Banks prioritize improving the quality of customer service thanks to advanced technologies. AI-powered chatbots offer instant support, and data analysis enables personalized financial advice. These improvements streamline operations and cultivate customer loyalty.

“In Saudi Arabia, 95 percent of people with bank accounts and internet access prefer digital banking channels over traditional banking channels such as physical branches and telephone banking,” according to a report by Backbase, a Dutch financial technology company.

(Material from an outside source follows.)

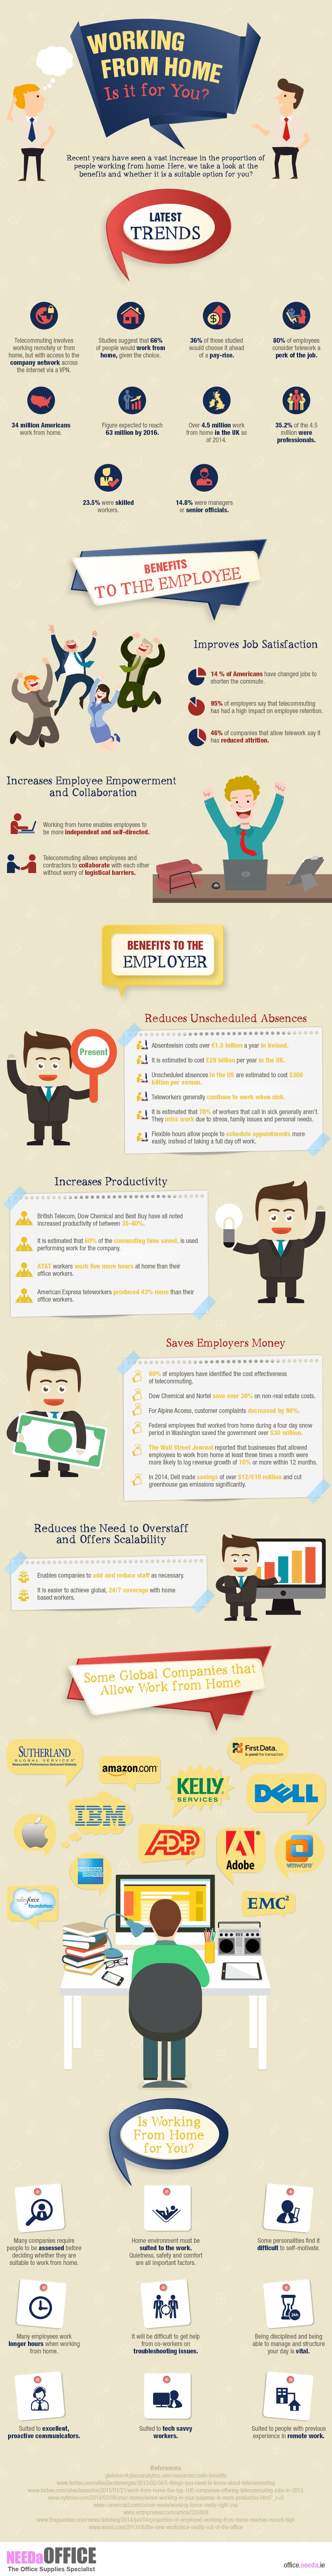 Working-From-Home-Infographic

Partner Bain and Co. said that “although customers have become accustomed to managing their lives from the comfort of their home using their phone (passenger transport, food delivery, online shopping, home entertainment), they expect a similar service from banks. “

Franzen added that mobile solutions provide an attractive alternative for people living in remote areas of the Kingdom, where branch densities are much lower than in major urban centers. It also offers cheaper banking solutions for people with lower incomes.

Future trends and forecasts

As digital banking players step up their operations, a noticeable trend is emerging: a surge in account openings, both primary and secondary accounts, as customers seek branchless alternatives.

Franzen said that as confidence in these digital-only players grows, a shift toward them serving as primary banks is expected, similar to countries such as the UK, where neobanks have secured more than 25 percent of core banking relationships.

“One of the key potential technology unlocks to power digital financial services would be greater flexibility around cloud usage and data storage policies,” he added.